My friend the Rev Zolile Mbali, who has died aged 84, was an Anglican priest in the UK and in his native South Africa, from which he was forced to move in the early 1970s.
Zoli was born in Johannesburg to a Xhosa father and a Sotho mother, Elizabeth (nee Makhoatle), a teacher. After his birth his mother took him to live on the family farm beyond Matatiele in the remote Drakensburg foothills of Transkei. He lived there until he was 10, combining herding with learning in isiXhosa and Sesotho. Sent to further his education in Afrikaans, he stayed with a clergyman uncle near Johannesburg, whose curate at the time was Desmond Tutu.
As a teenager Zoli’s formal education was interrupted by the need to support his family, and while working in harsh conditions on a railway tunnel, he contracted typhoid. In hospital he decided to study for the Anglican priesthood, attending St Bede’s theological college in Mthatha and then Fort Hare University.

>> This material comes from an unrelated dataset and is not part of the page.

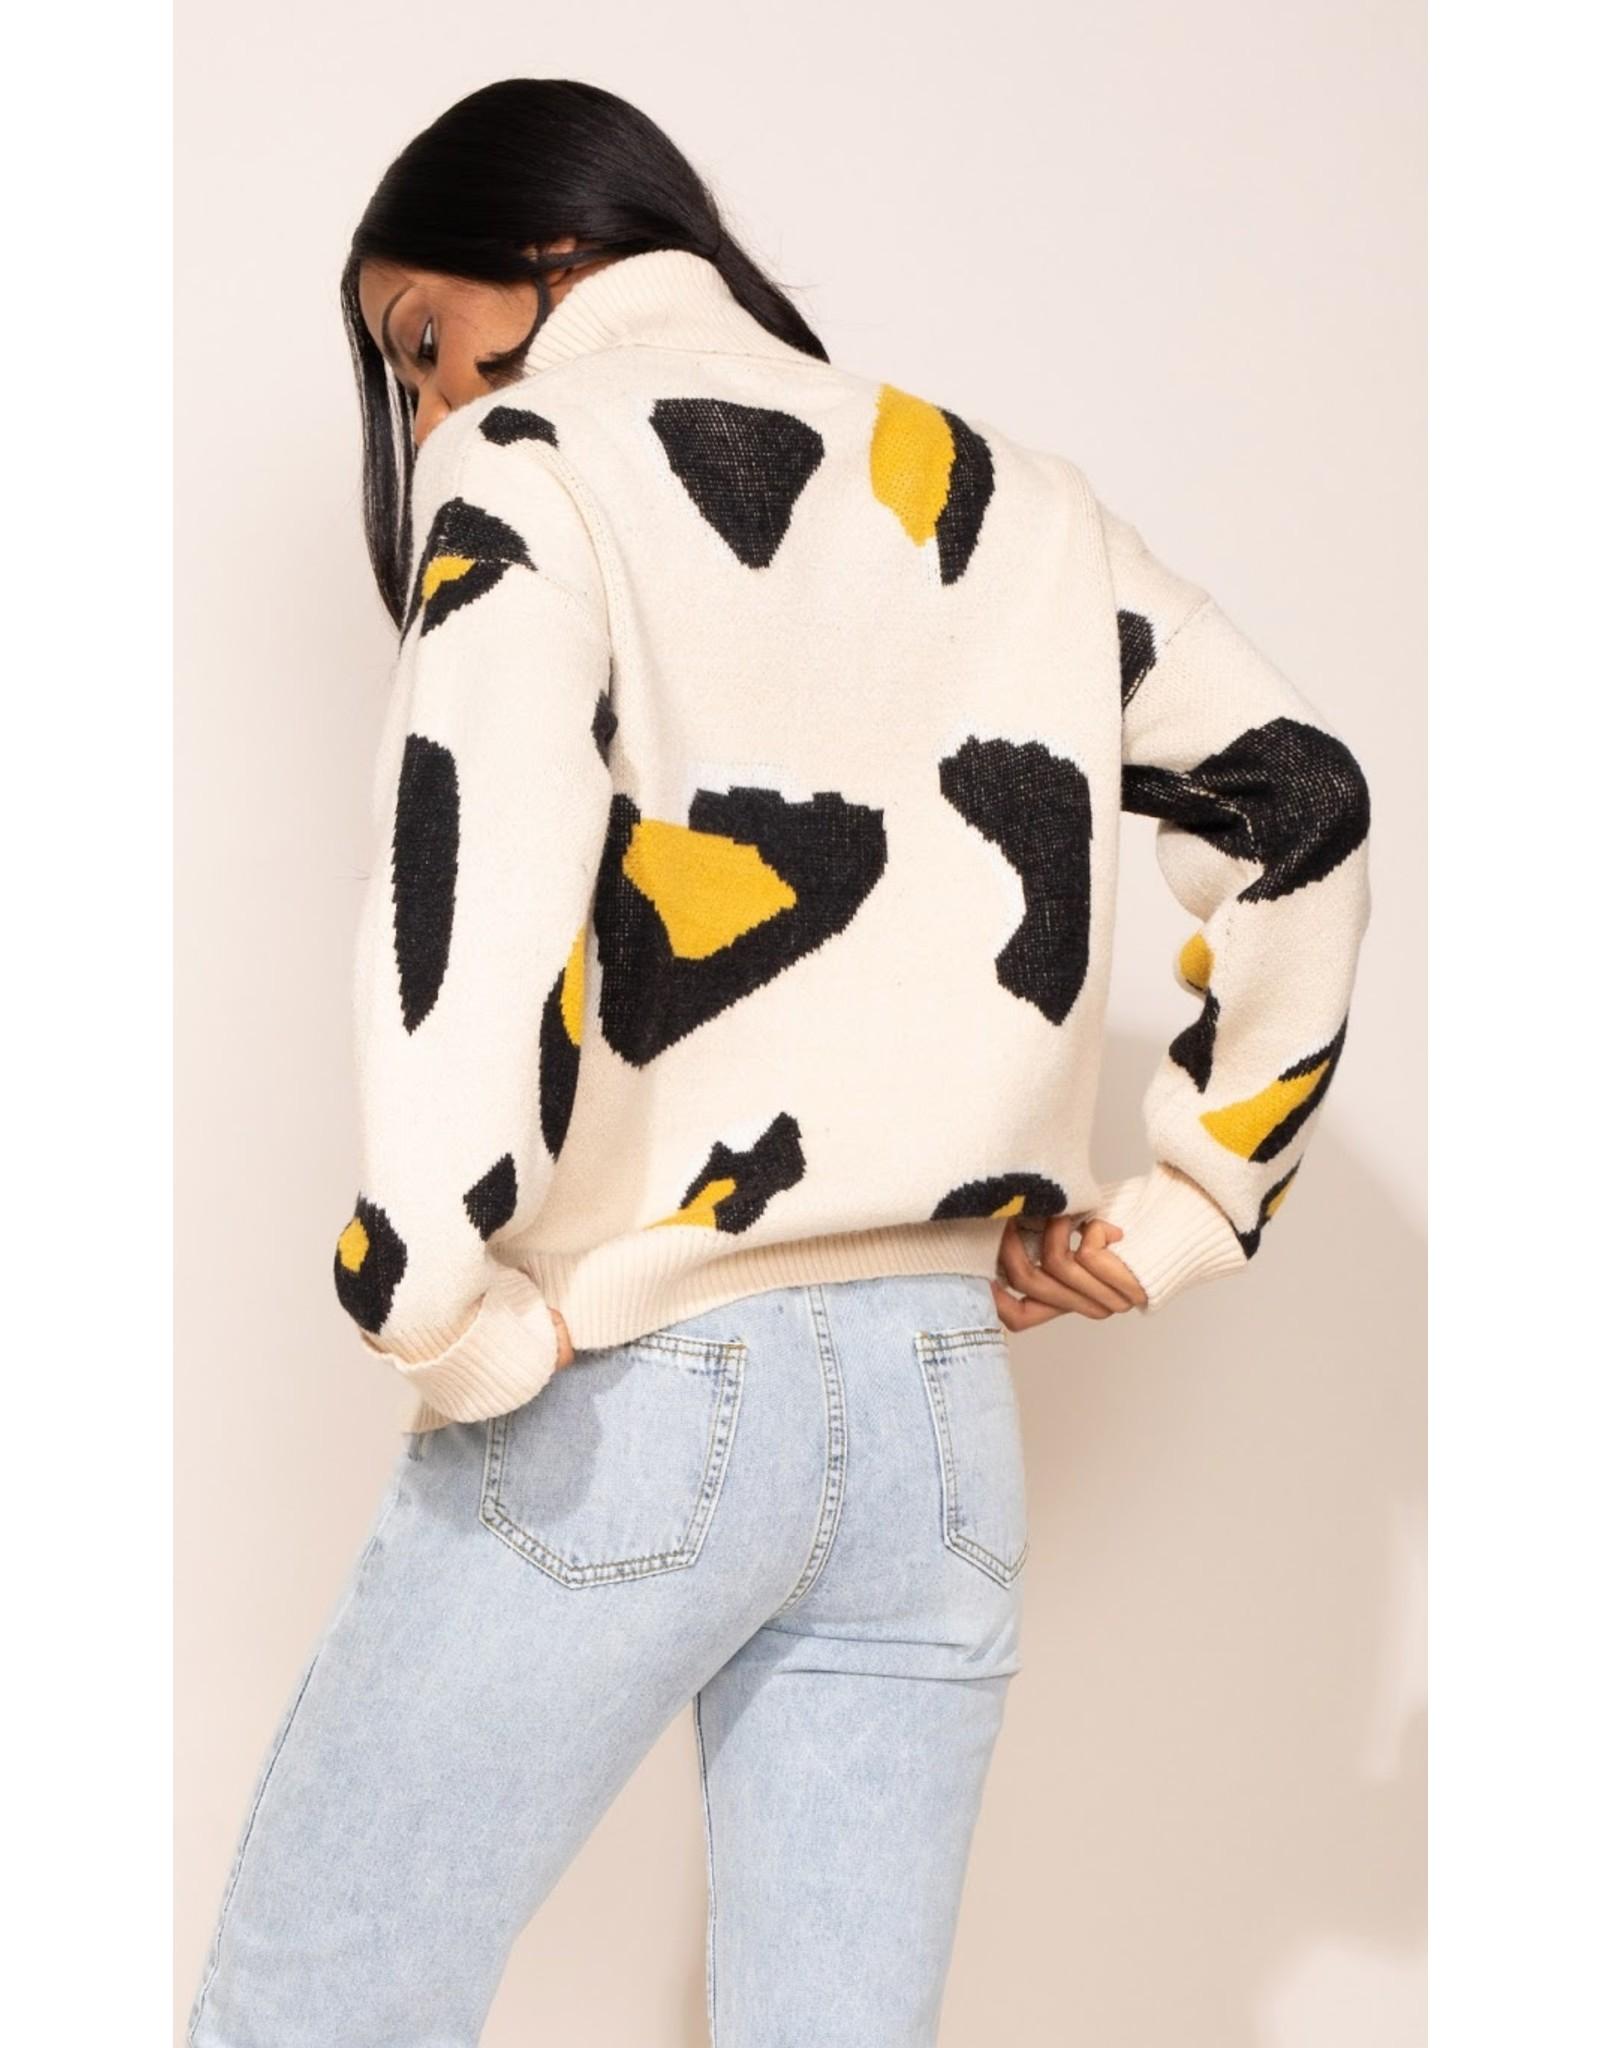 The Wild Sweater

Zoli moved to the UK in 1969 on a World Council of Churches scholarship to Oxford on Tutu’s recommendation, studying theology at Queen’s College, Oxford. There he met a British woman, Charlotte Lebon, a postgraduate student at St Hugh’s College. Returning to South Africa in 1971, he was ordained in the Natal diocese and undertook parish work before becoming the first black chaplain at Grahamstown’s white theological college in the Eastern Cape.

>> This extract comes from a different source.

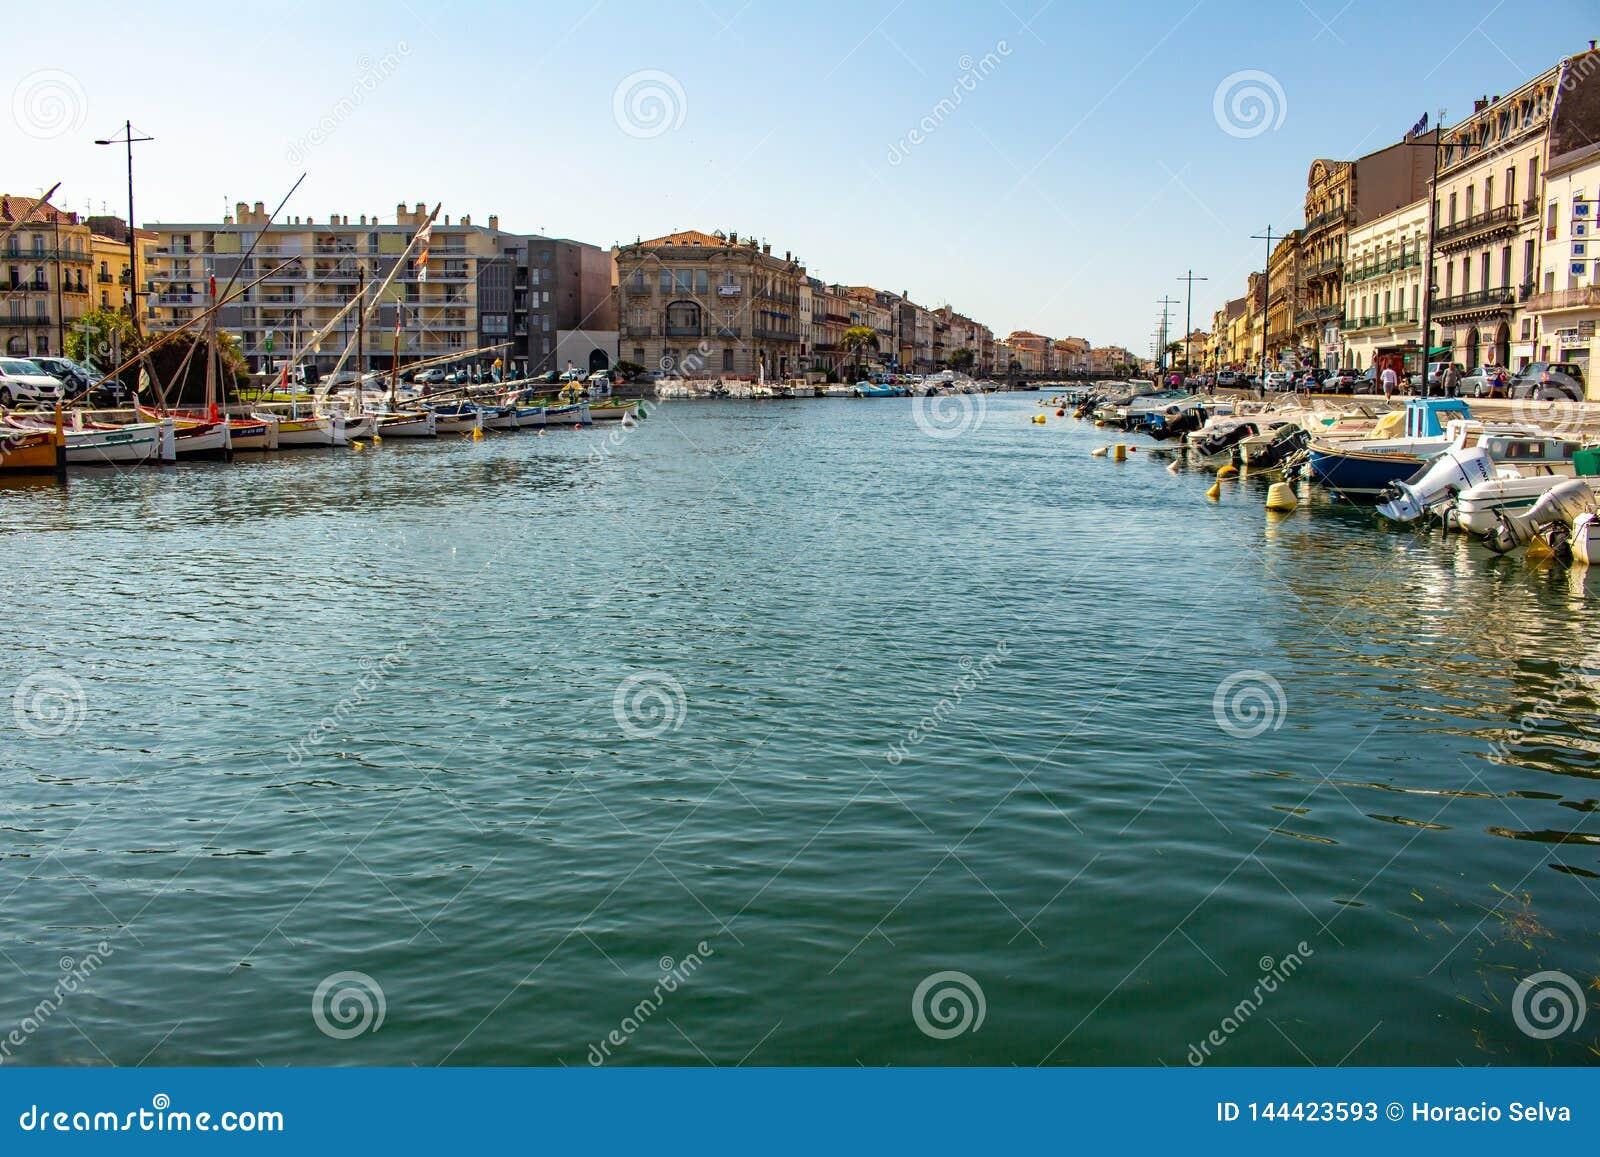 Sete, Γαλλία στις 20 Μαΐου 2018 Κτήρια αναγέννησης δίπλα στα νερά των καναλιών της πόλης που εποικείται με τις μικρές βάρκες

The couple became engaged, but the apartheid ban on mixed relationships prevented Charlotte from joining Zoli, so in 1973 she moved to Gaborone in Botswana to be nearer to him. A year later he joined her in Botswana after being warned that the South African police were after him. Less than a month later he and Charlotte were married, in 1975.
In Gaborone Zoli combined a post at Botswana Theological Extension Programme with ministry among refugees and rural communities. South Africa having refused to renew his passport, Zoli then became a refugee himself. With cross-border military raids putting the family at risk, he and Charlotte decided to return to the UK in 1981, by which time they had three daughters, Thandiwe, Ma-Jali and Mandisa.
On his arrival Zoli was appointed vicar of All Saints’ church in Preston-on-Tees in County Durham, before moving to parish ministry in Leicestershire in 1984, serving first as curate in the Leicester suburb of Knighton and then as vicar to four rural village churches known as “the Langtons” near Market Harborough.
His excoriating book, The Churches and Racism: A Black South African Perspective, published in 1987, was based on a PhD he had recently completed at the University of Leeds.
From 1988 to 1992 Zoli worked as a pioneering diocesan community relations officer in Leicester, and he was made a canon of Leicester Cathedral in 1990.
Once apartheid fell, he and his family went back to South Africa in 1993, settling in Durban, where Charlotte joined the staff of Natal University while Zoli ministered to parishioners stigmatised by HIV/Aids and Anglican students at the university.
A gentle and courageous man with a great gift for storytelling, he retired from the ministry in 2003 and would later survive a serious criminal assault and several bouts of ill-health. In 2017 his daughters persuaded him to retire to the UK with Charlotte to be nearer their grandchildren. Suffering from dementia, he spent his last days in St Anselm’s nursing home in Walmer, Kent.
He is survived by Charlotte, their daughters and five grandchildren.